Azure Databricks architecture overview
This article provides a high-level overview of Azure Databricks architecture, including its enterprise architecture, in combination with Azure.
High-level architecture
Azure Databricks operates out of a control plane and a compute plane.
The control plane includes the backend services that Azure Databricks manages in your Azure Databricks account. The web application is in the control plane.
The compute plane is where your data is processed.
- For classic Azure Databricks compute, the compute resources are in your Azure subscription in what is called the classic compute plane. This refers to the network in your Azure subscription and its resources.
Each Azure Databricks workspace has an associated storage account known as the workspace storage account. The workspace storage account is in your Azure subscription.
The following diagram describes the overall Azure Databricks architecture.
Classic compute plane
In the classic compute plane, Azure Databricks compute resources run in your Azure subscription. New compute resources are created within each workspace's virtual network in the customer's Azure subscription.
A classic compute plane has natural isolation because it runs in each customer's own Azure subscription. To learn more about networking in the classic compute plane, see Classic compute plane networking.
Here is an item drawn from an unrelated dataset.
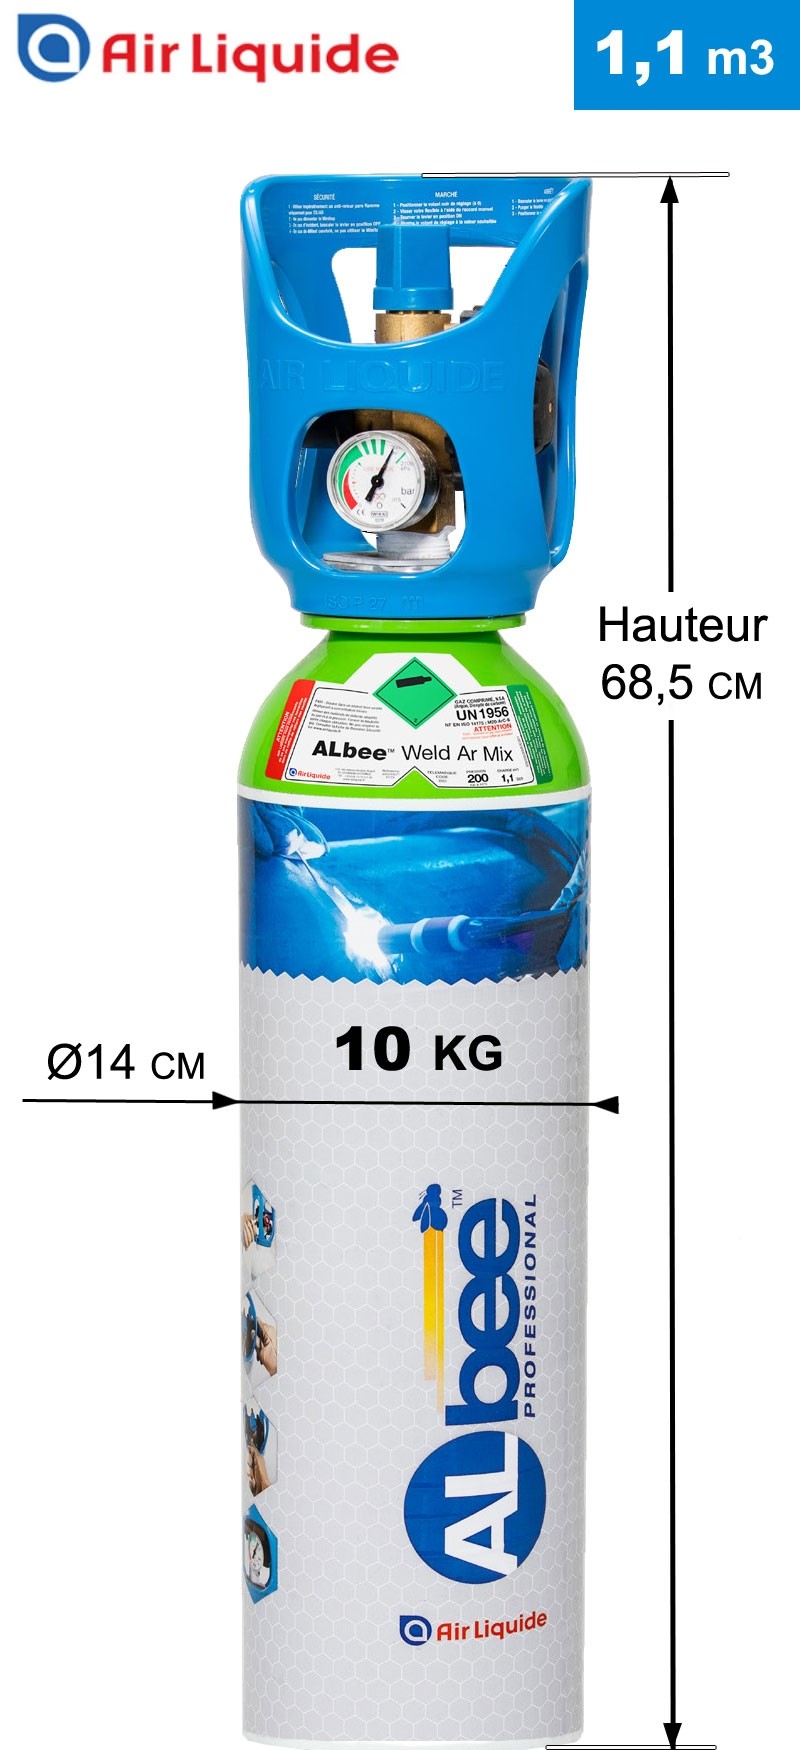 Bouteille ARGON+CO2 - ALBEE ARMIX 8% - 1 m3 AIR LIQUIDE

For regional support, see Azure Databricks regions.
Workspace storage account
When you create a workspace, Azure Databricks creates a account in your Azure subscription to use as the workspace storage account.
The workspace storage account contains:
- Workspace system data: Workspace system data is generated as you use various Azure Databricks features such as creating notebooks. This bucket includes notebook revisions, job run details, command results, and Spark logs
- DBFS: DBFS (Databricks File System) is a distributed file system in Azure Databricks environments accessible under the
dbfs:/
namespace. DBFS root and DBFS mounts are both in thedbfs:/
namespace. Storing and accessing data using DBFS root or DBFS mounts is a deprecated pattern and not recommended by Databricks. For more information, see What is DBFS?. - Unity Catalog workspace catalog: If your workspace was enabled for Unity Catalog automatically, the workspace storage account contains the default workspace catalog. All users in your workspace can create assets in the default schema in this catalog. See Set up and manage Unity Catalog.